> [Assignment]:
The listing that follows should be copied in full and exactly, with no pictures.

> [Provided data]:
-------------------------
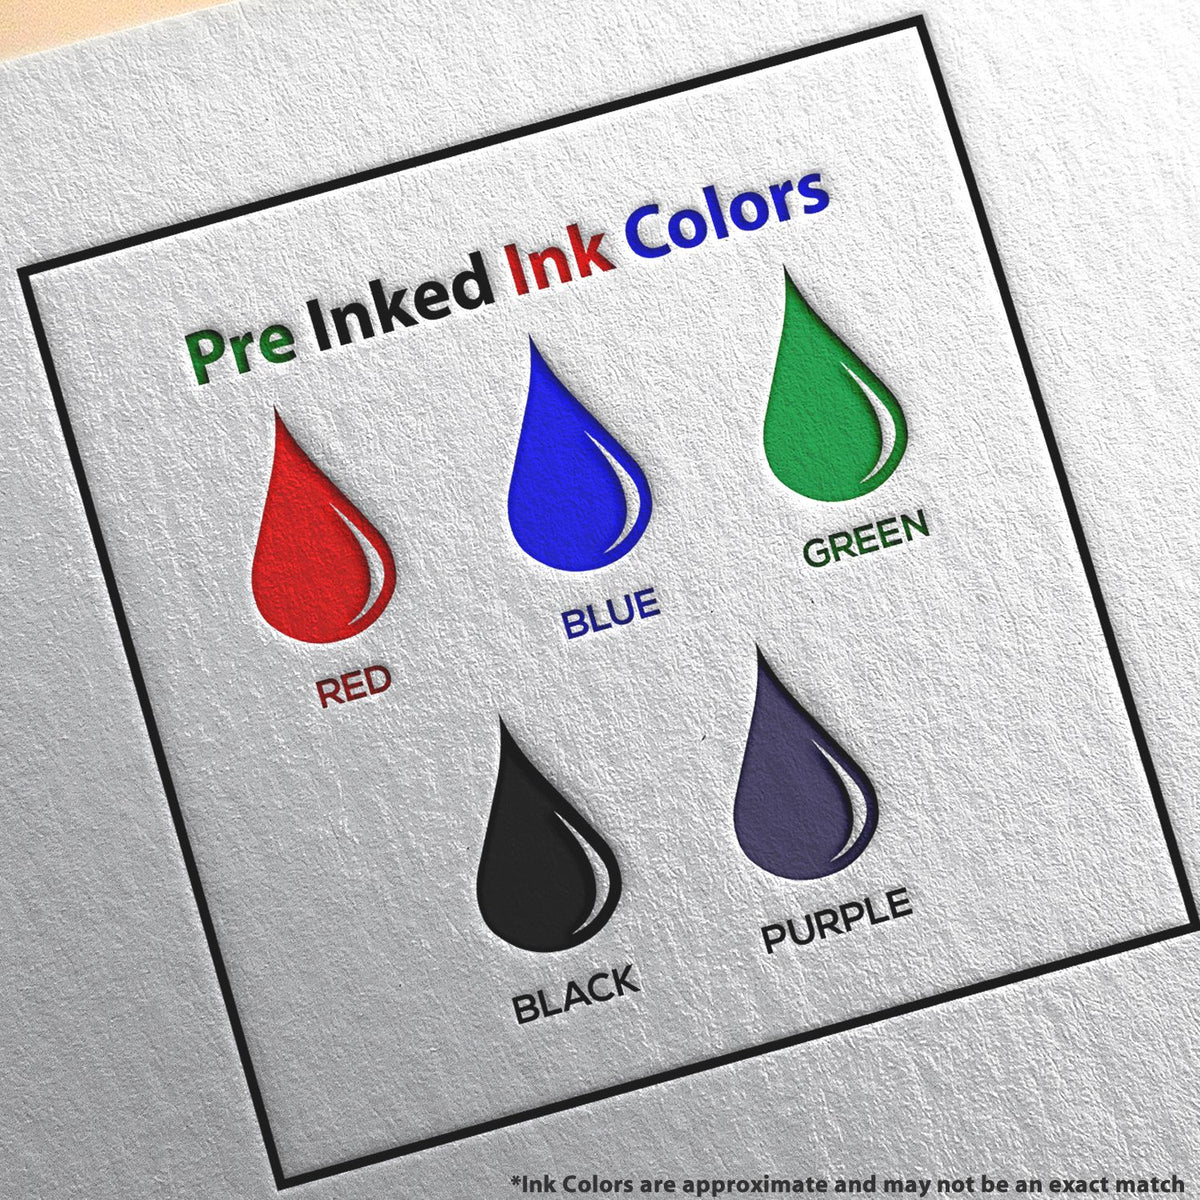 A picture showing the different ink colors or hues available for the Slim Pre-Inked West Virginia Land Surveyor Seal Stamp product.
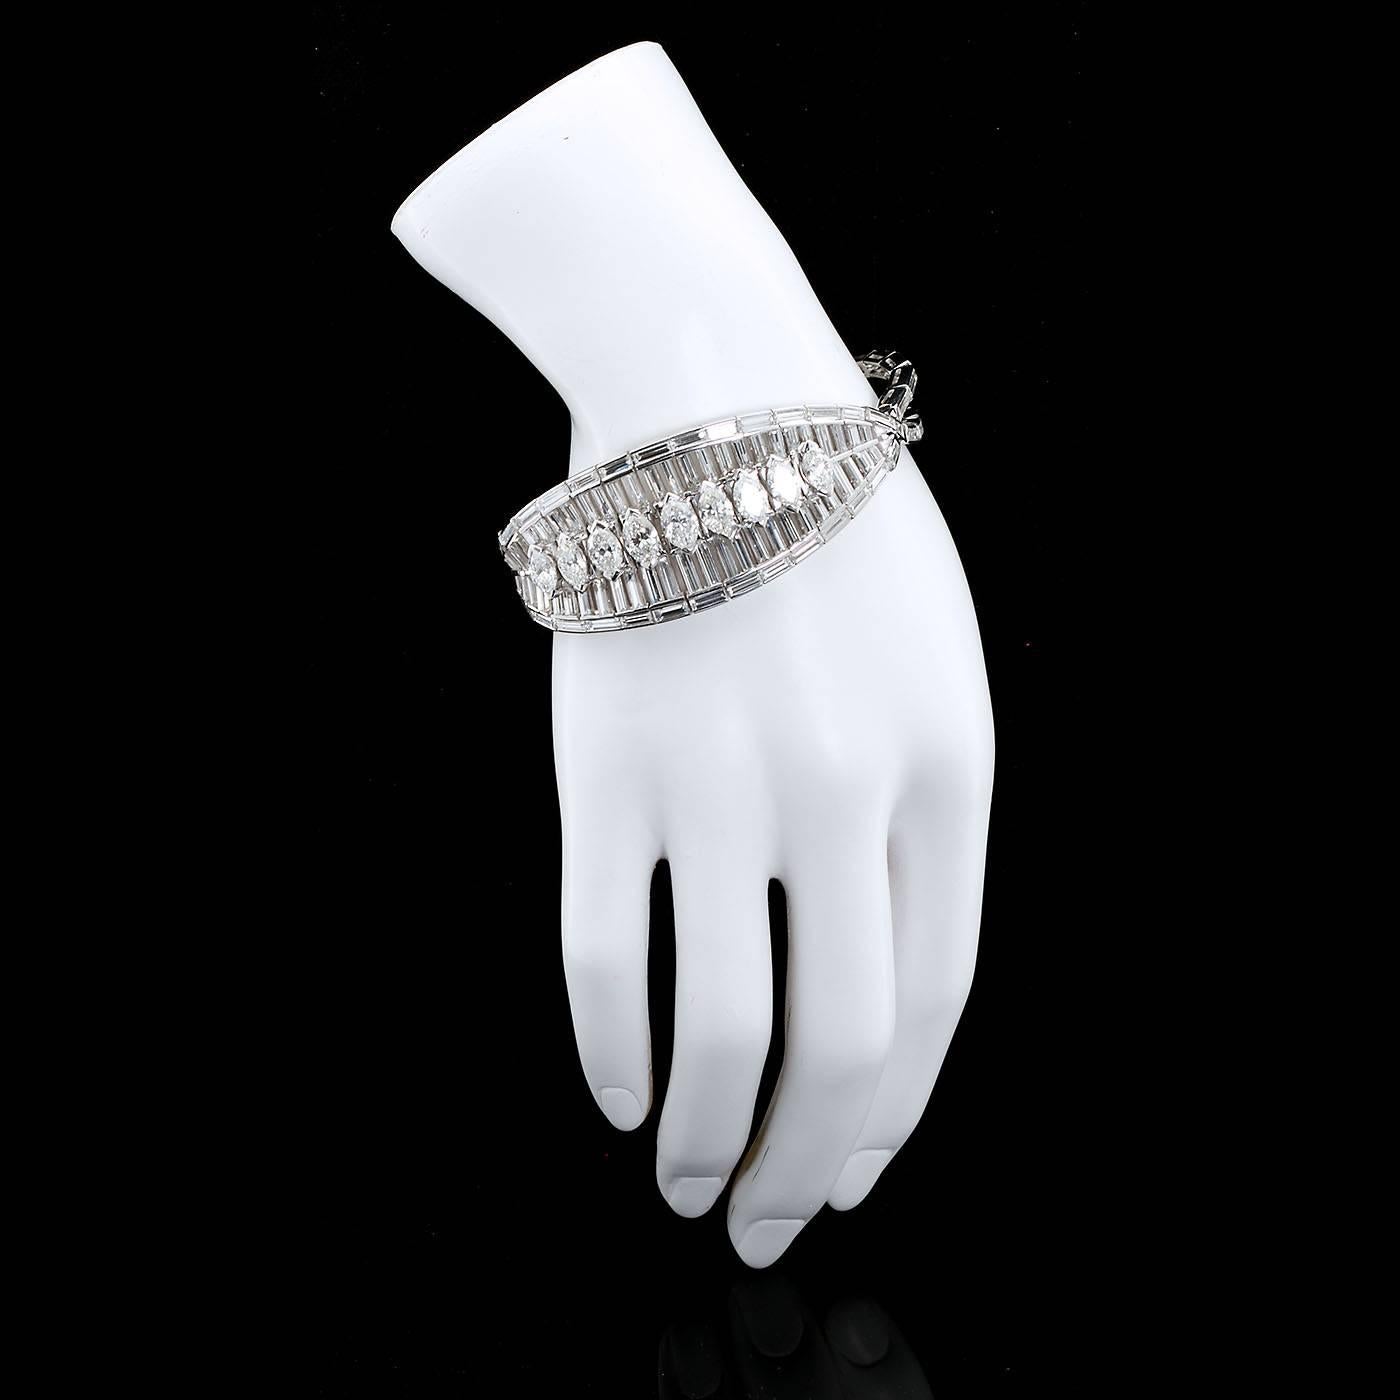 This remarkable circa 1960s bracelet puts your best hand front and center. Exquisite finely crafted platinum channel settings contains 130 calibrated straight diamond baguettes designed as both a trailing border and background to the center tufted
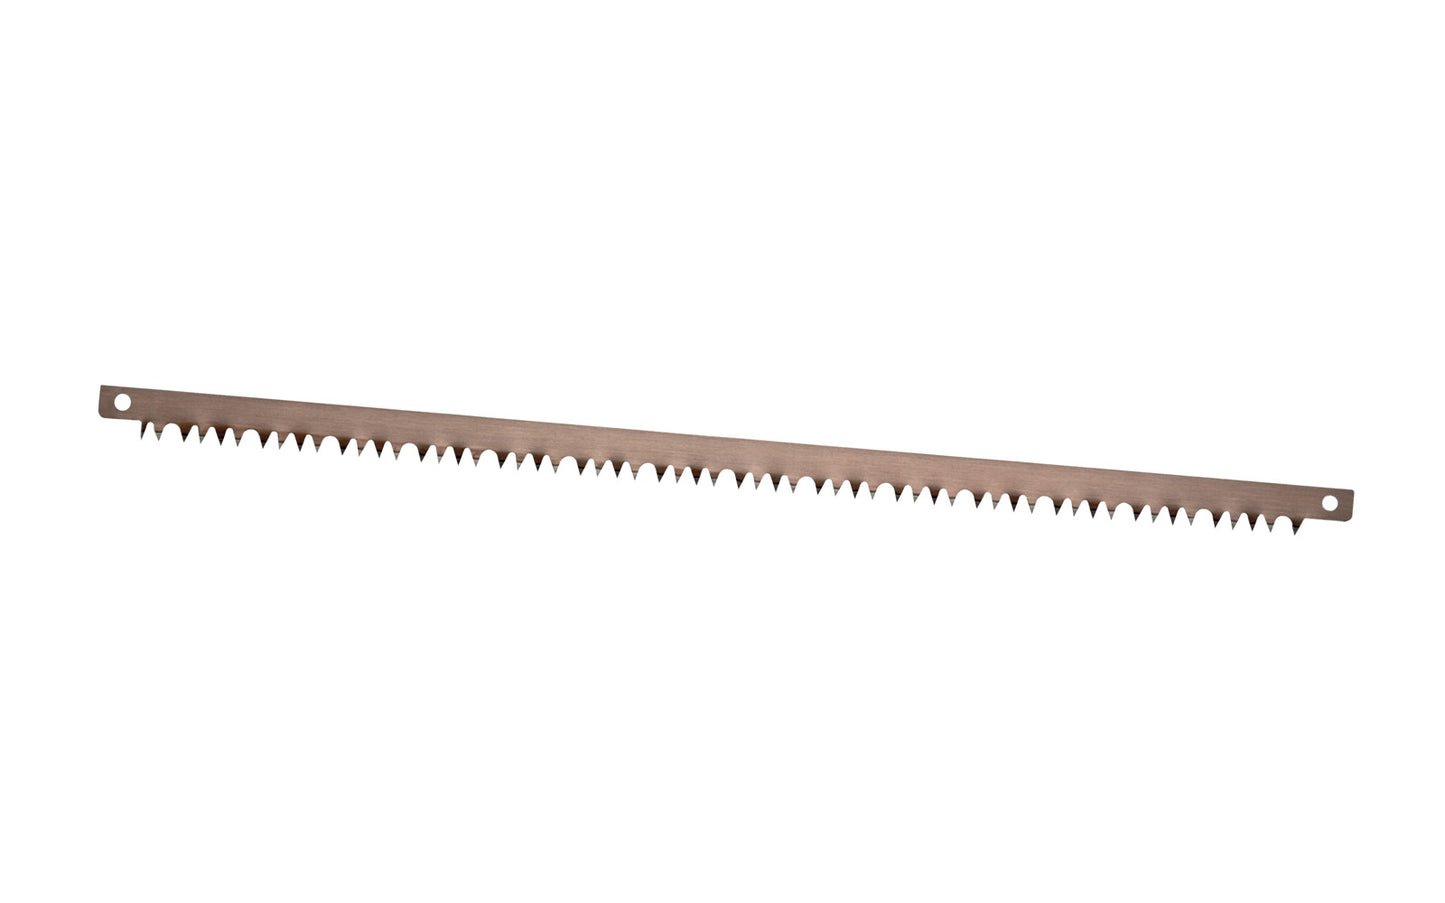 Bahco 14" Replacement Blade for Bowsaw - Model 333-5. Designed for Bahco 333 general purpose bow saw. Hardened & tempered high-quality steel. Easier cutting in dry seasoned wood from the peg teething. Hardened & tempered high-quality steel. Made in Italy ~ 7311518005849
-------------------------
> [Response to this exercise]:
 A picture showing the different ink colors or hues available for the Slim Pre-Inked West Virginia Land Surveyor Seal Stamp product.
 This remarkable circa 1960s bracelet puts your best hand front and center. Exquisite finely crafted platinum channel settings contains 130 calibrated straight diamond baguettes designed as both a trailing border and background to the center tufted
 Bahco 14" Replacement Blade for Bowsaw - Model 333-5. Designed for Bahco 333 general purpose bow saw. Hardened & tempered high-quality steel. Easier cutting in dry seasoned wood from the peg teething. Hardened & tempered high-quality steel. Made in Italy ~ 7311518005849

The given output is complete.